─── INPUT MATERIAL ───

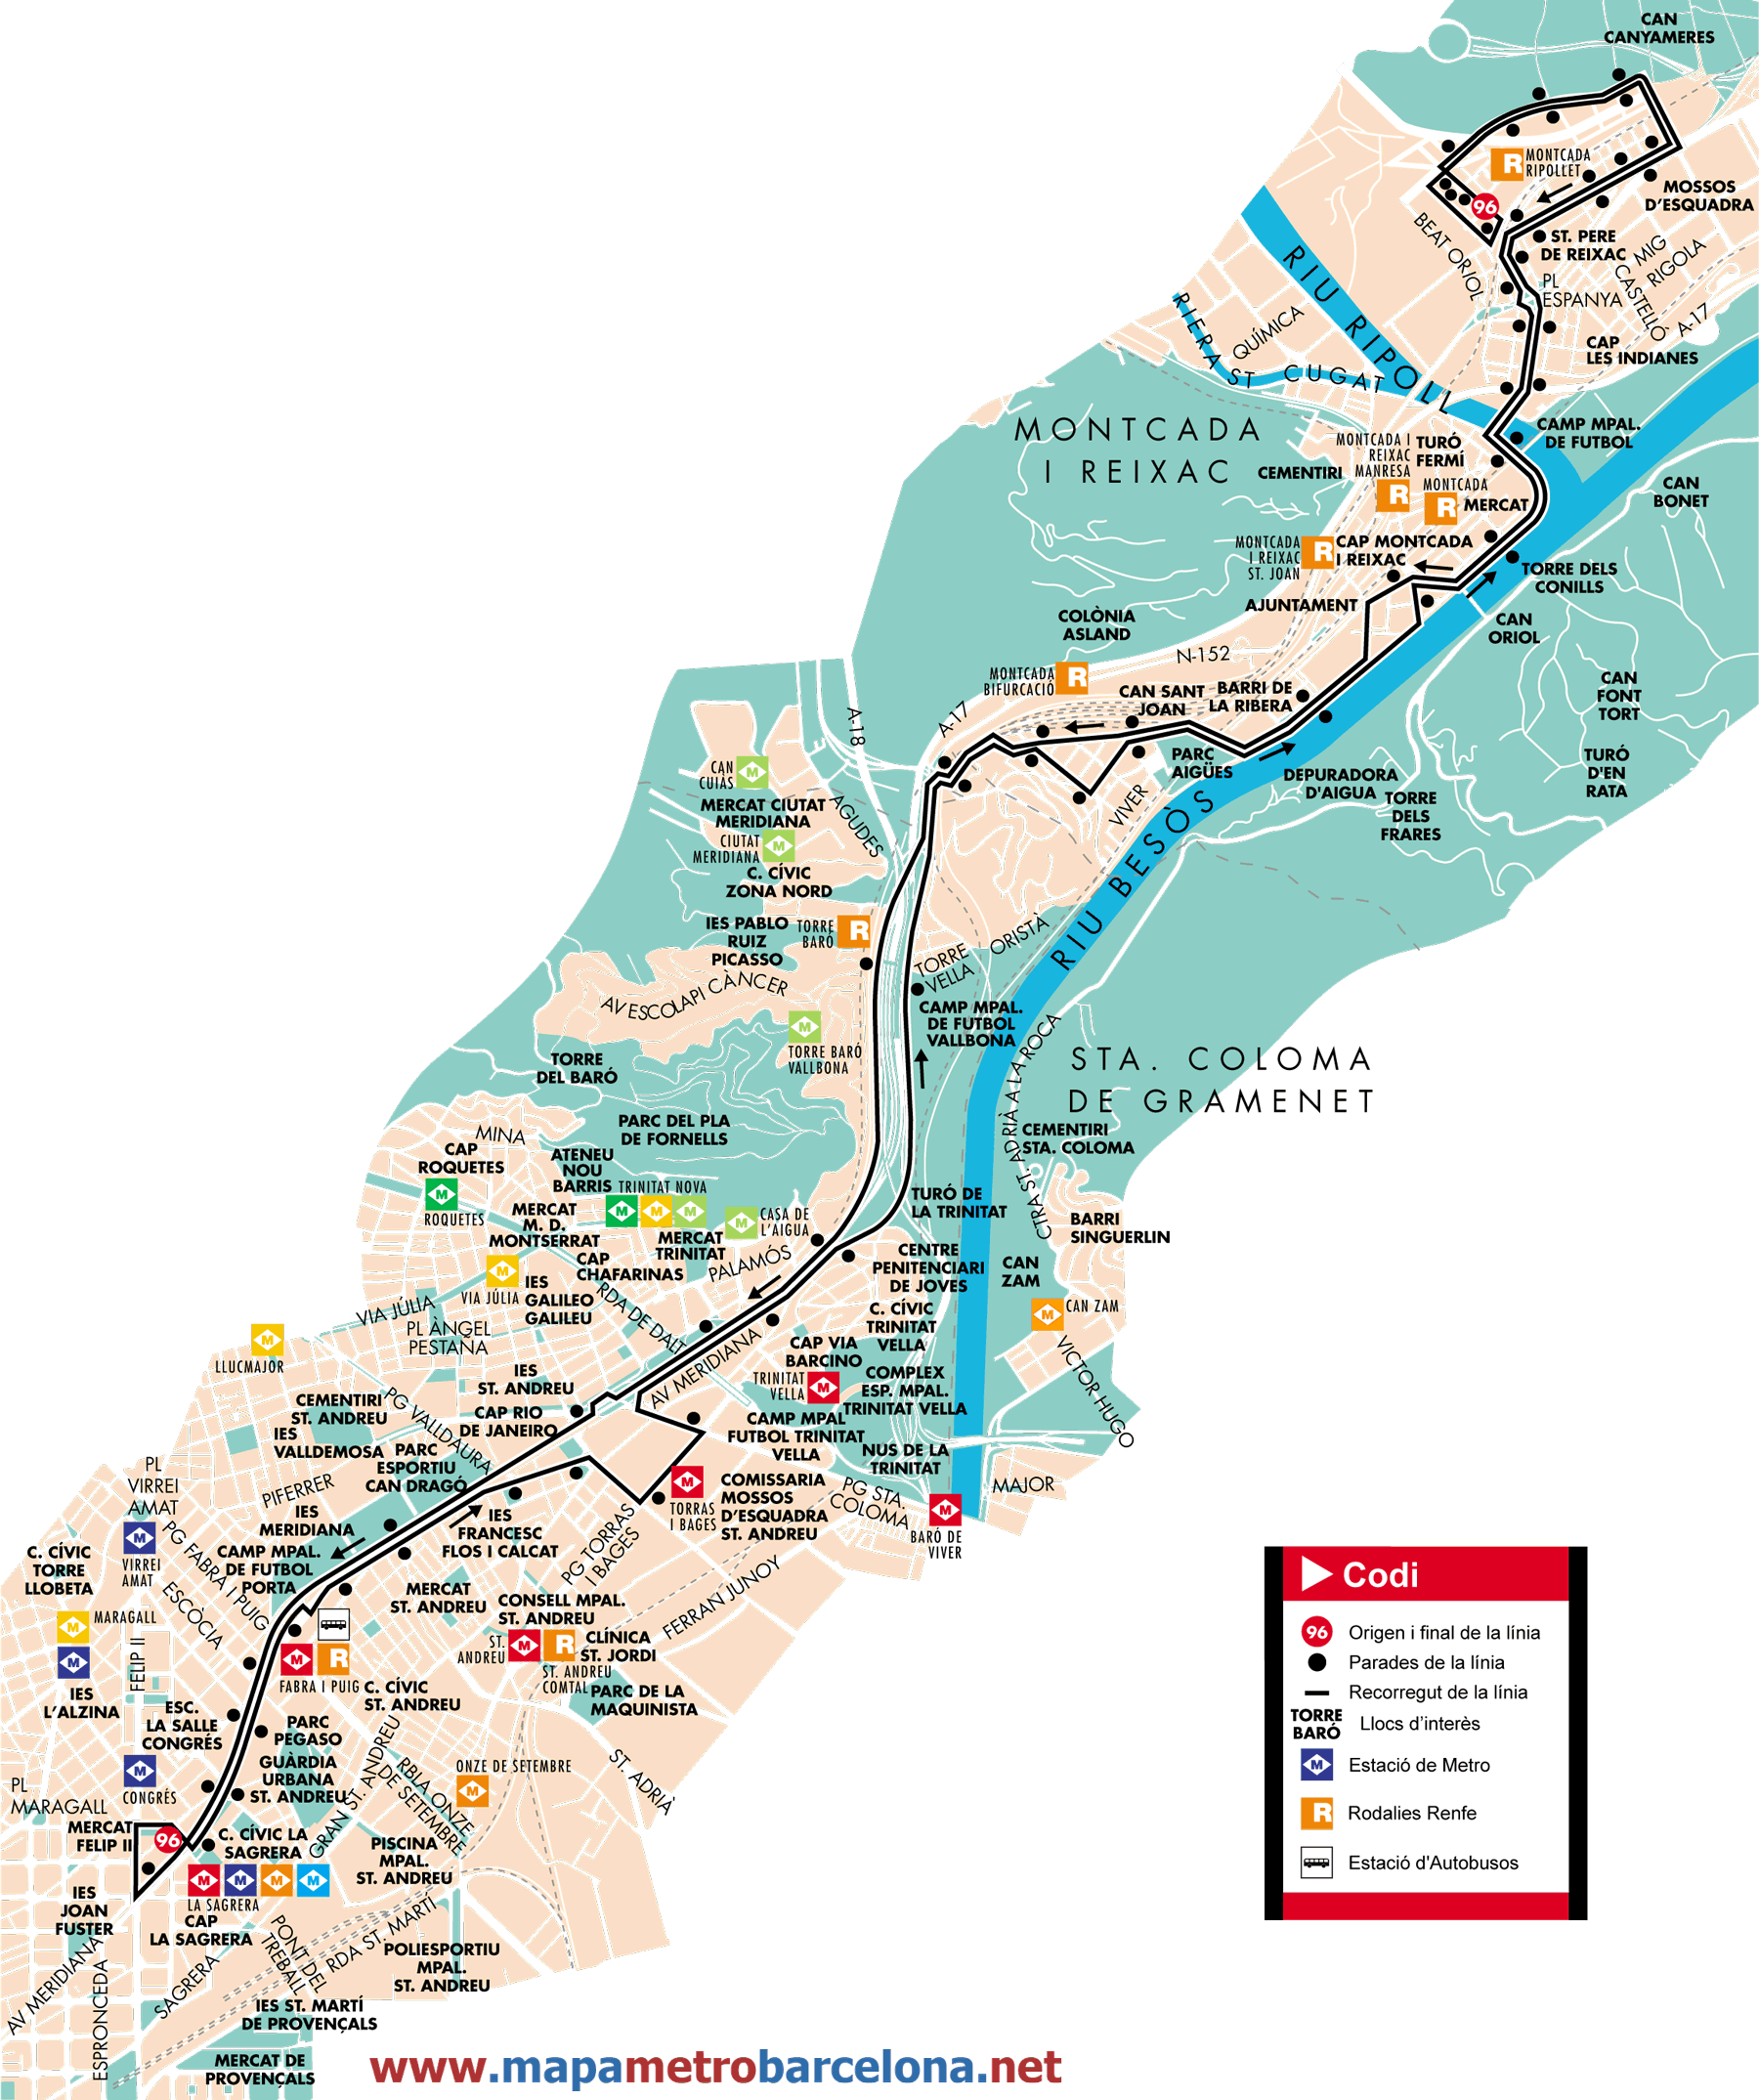 Barcelona bus map line 96
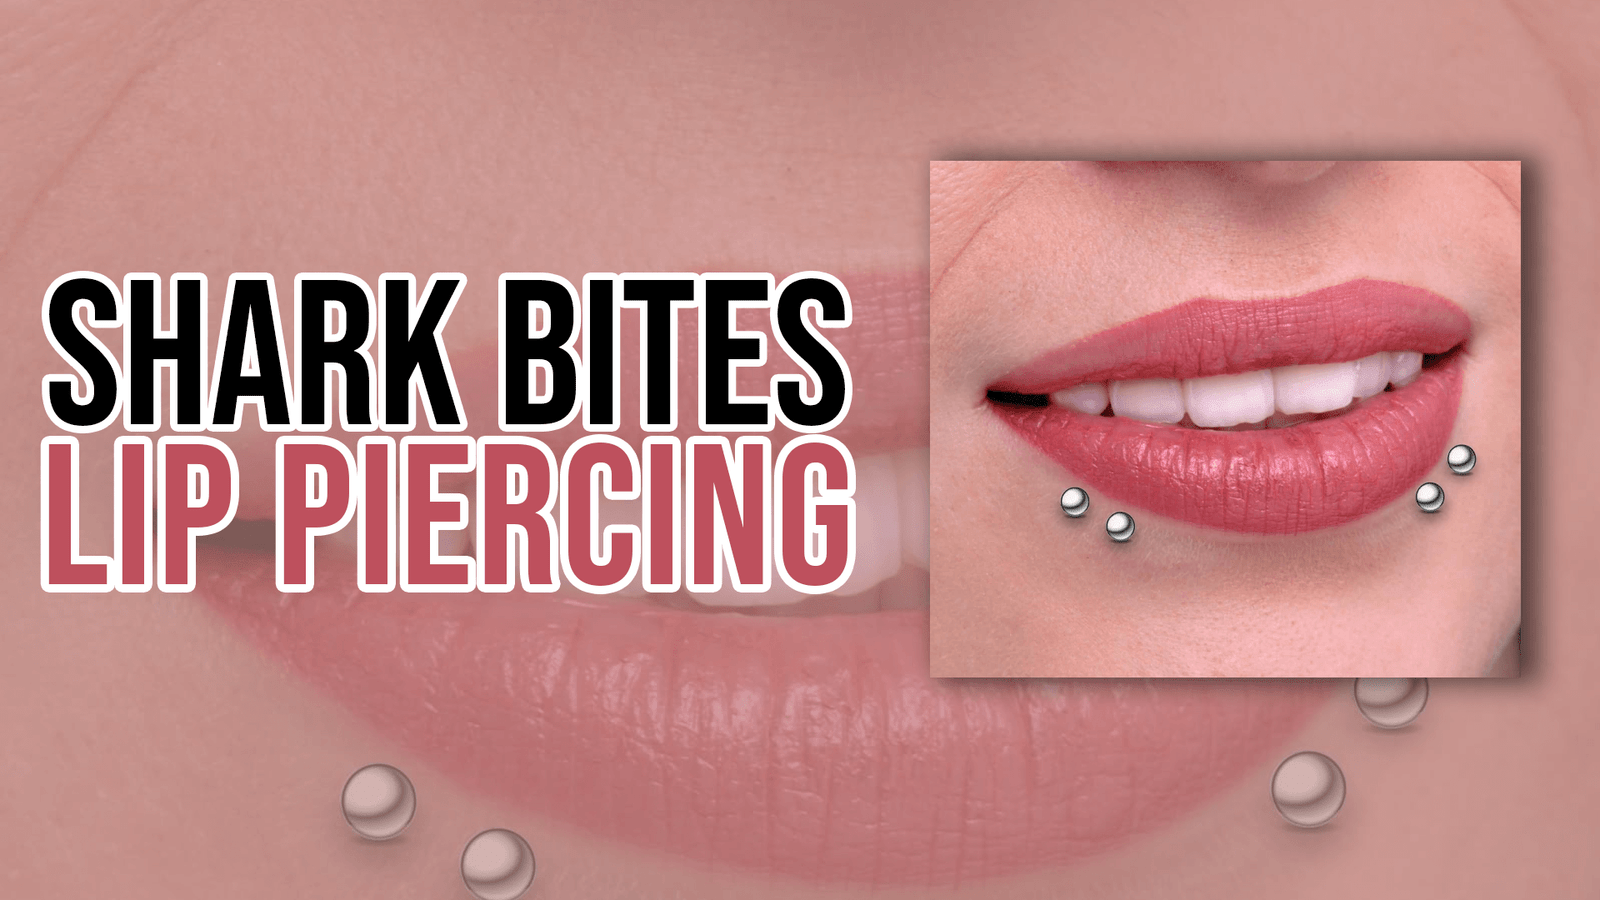 Shark Bites Lip Piercing
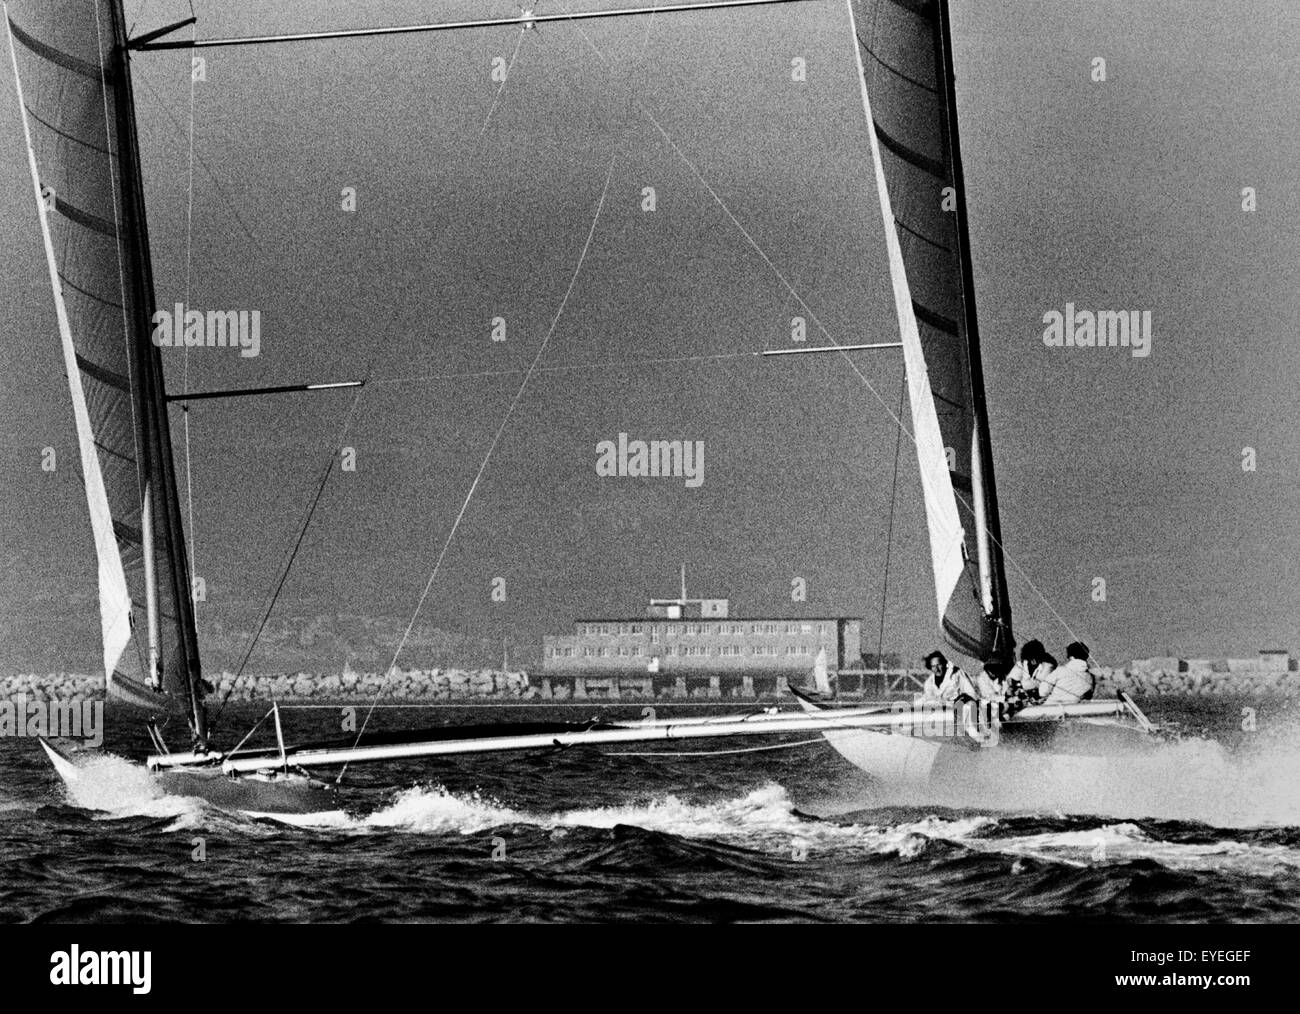 AJAXNETPHOTO. - 1978. PORTLAND, Inglaterra. - Velocidad de Weymouth semana - Catamarán CROSSBOW II EN VELOCIDAD EN PORTLAND Harbour. Foto:Jonathan EASTLAND/AJAX REF:WEY 78 Foto de stock
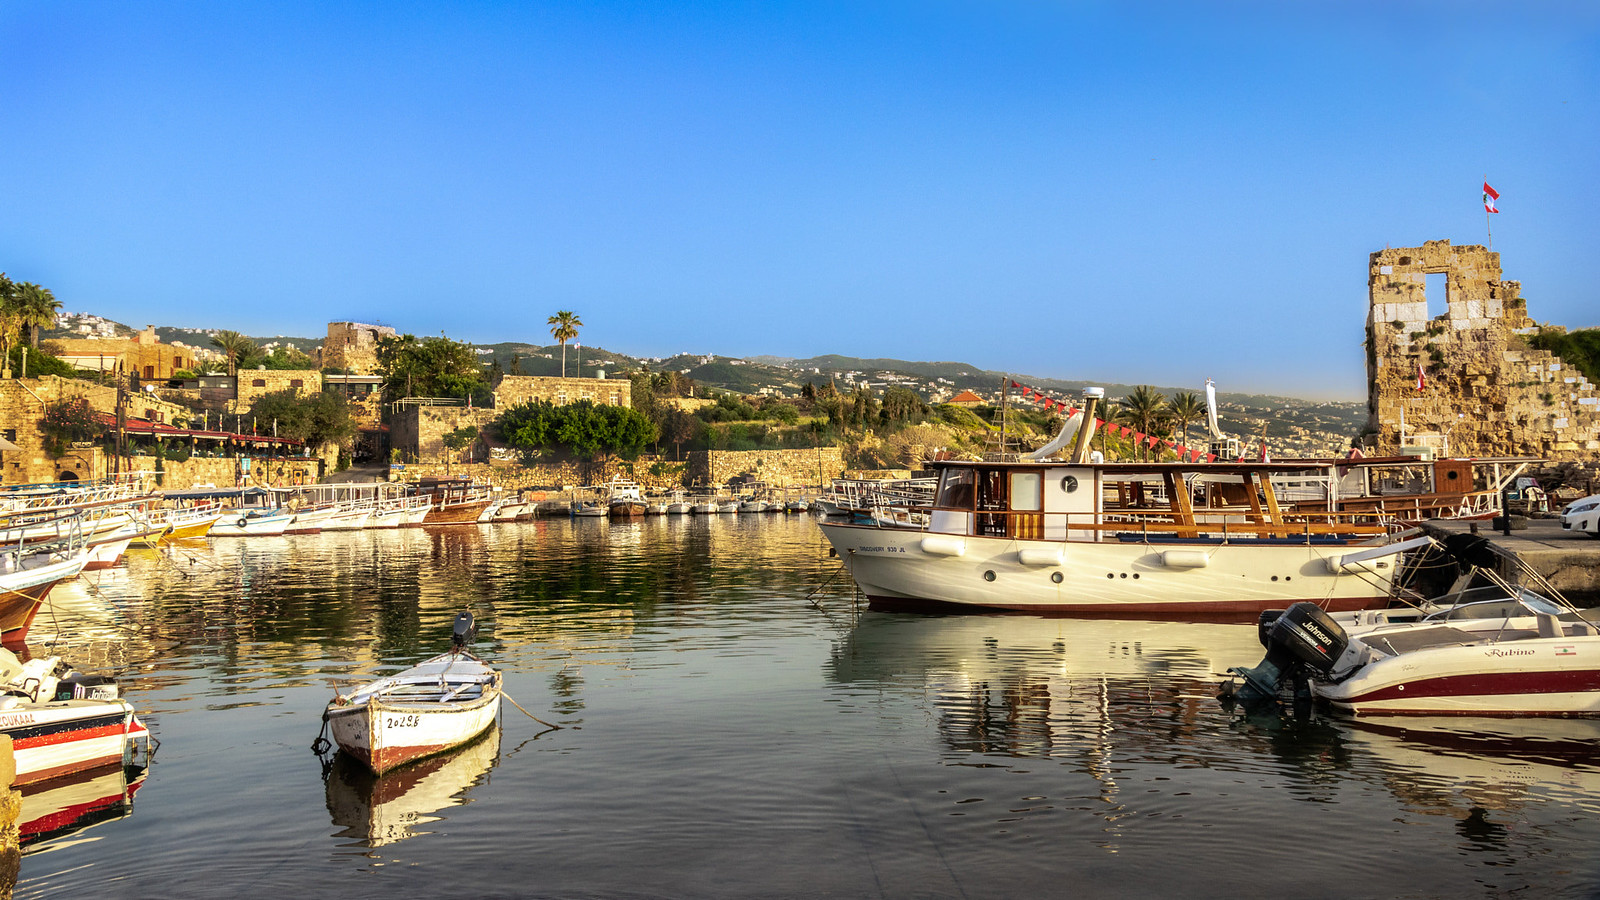 The old port of Byblos
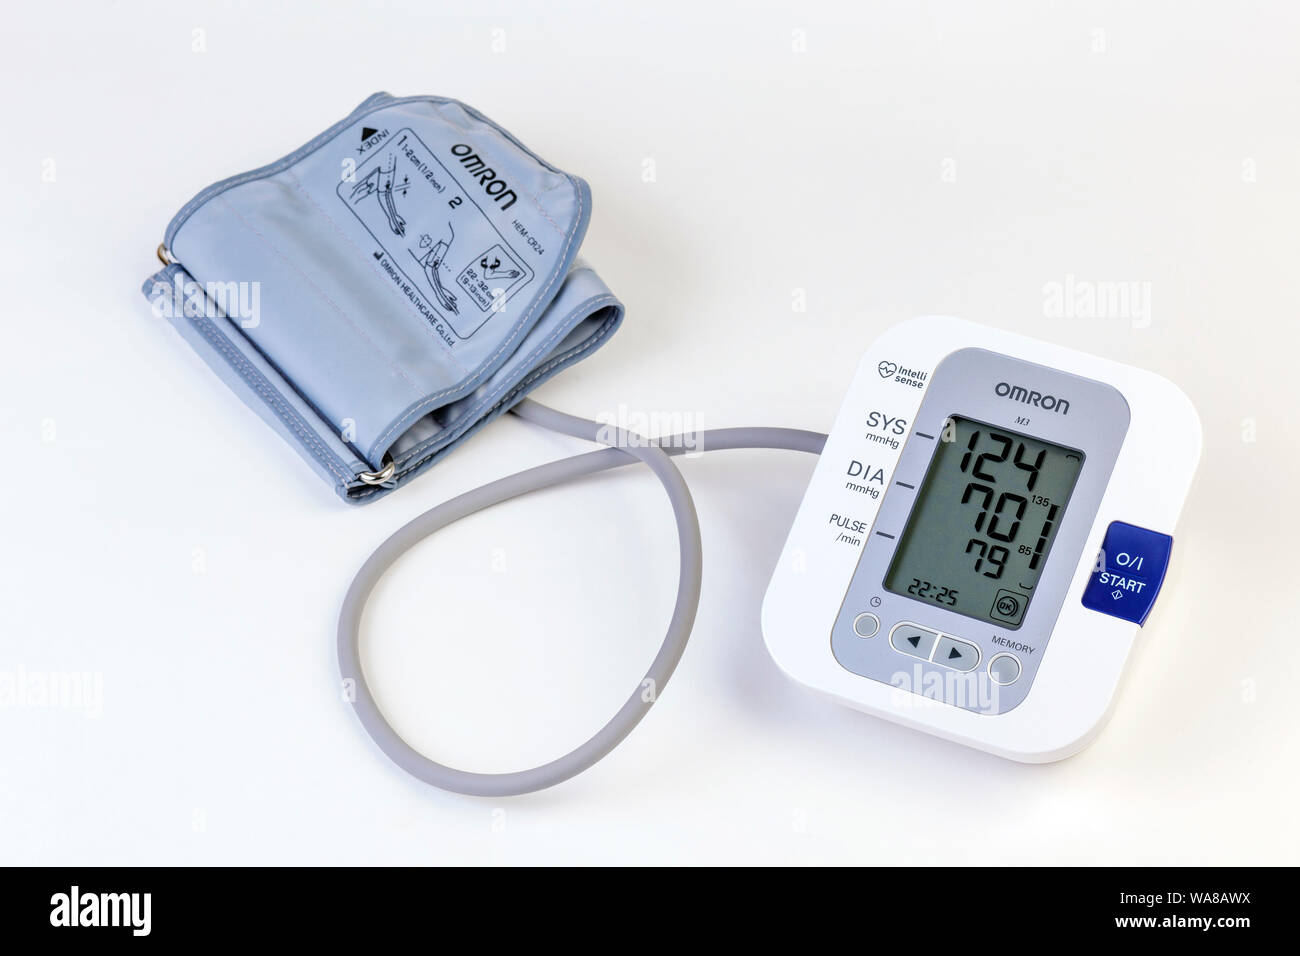 https://c8.alamy.com/comp/WA8AWX/omron-m3-blood-pressure-and-heart-rate-monitor-WA8AWX.jpg

───

> **WHAT IS BEING ASKED**:
Exact copy, no pictures: please print every record above as written.

> **ANSWER SPACE**:
 Barcelona bus map line 96
 Shark Bites Lip Piercing
 AJAXNETPHOTO. - 1978. PORTLAND, Inglaterra. - Velocidad de Weymouth semana - Catamarán CROSSBOW II EN VELOCIDAD EN PORTLAND Harbour. Foto:Jonathan EASTLAND/AJAX REF:WEY 78 Foto de stock
 The old port of Byblos
 https://c8.alamy.com/comp/WA8AWX/omron-m3-blood-pressure-and-heart-rate-monitor-WA8AWX.jpg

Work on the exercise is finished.